During the testing slated for June, the LDSD will be carried to an altitude of 120,000 feet by a balloon, then engage its rocket booster, soaring to 180,000 feet.  Two drag technologies will be tested in an automated sequence:  the first is a doughnut-shaped inflatable tube designed to slow its supersonic travel from Mach 4 to Mach 2.5; the second is the largest supersonic parachute ever deployed.  Following the massive chute’s release, the craft is expected to splash down in the Pacific for retrieval.

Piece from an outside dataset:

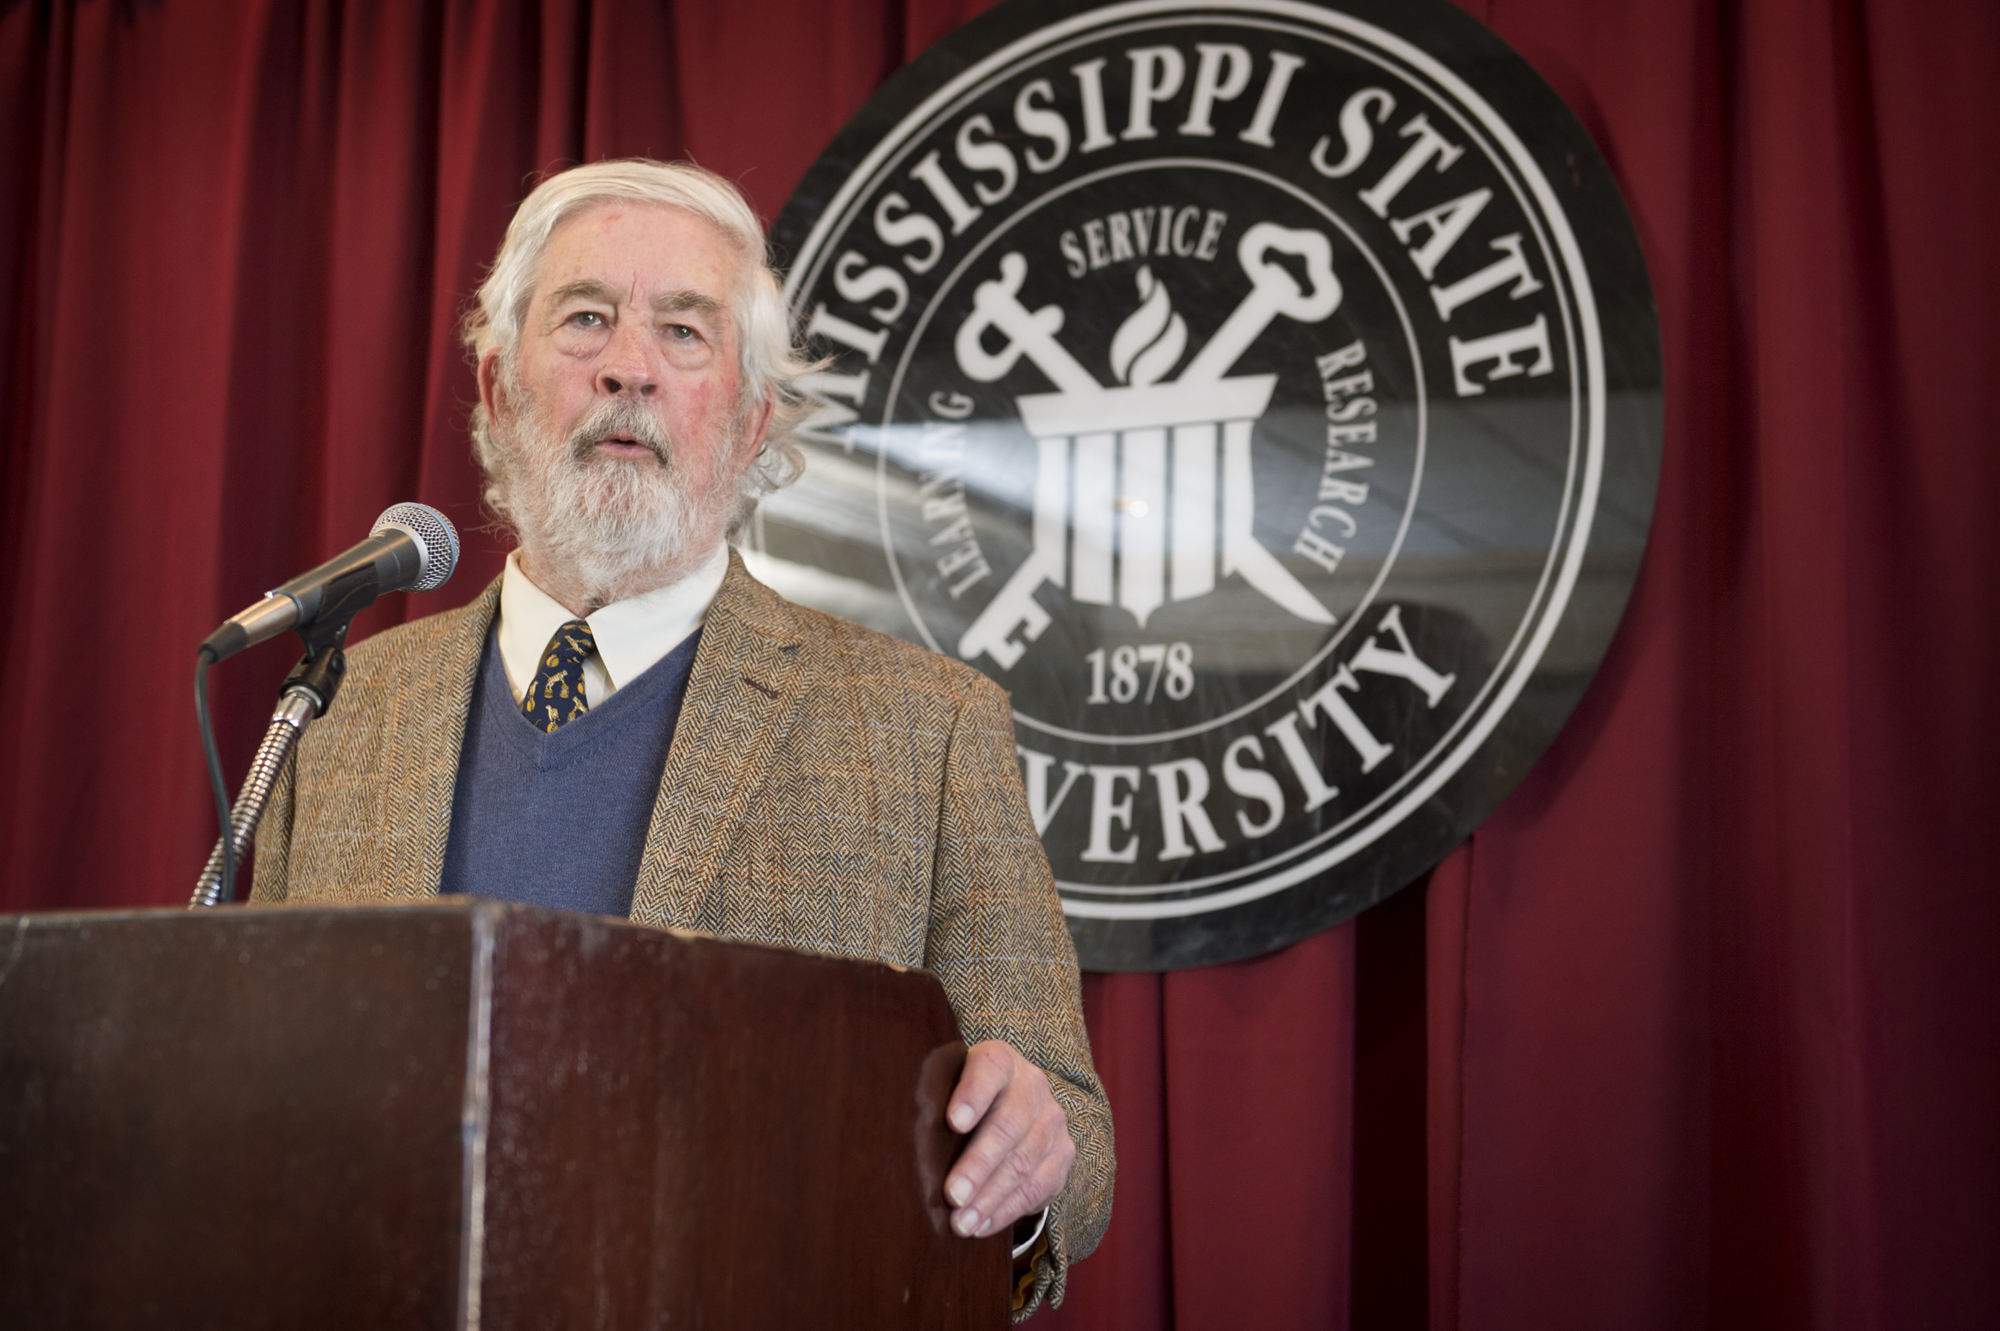 Journalist and author Curtis Wilkie gave the inaugural lecture for MSU's Lamar Conerly Governance Forum Nov. 17.

The concept of using atmospheric drag as a way to slow down supersonic spacecrafts upon atmospheric entry is intended to spare valuable rocket fuel for final maneuvers, allow for larger payloads, and to enable landings at higher altitude locations.

The LDSD’s findings will test these technologies’ usefulness for future missions to the Red Planet, and others.  The mission is being led by NASA’s Jet Propulsion Laboratory in Pasadena, California.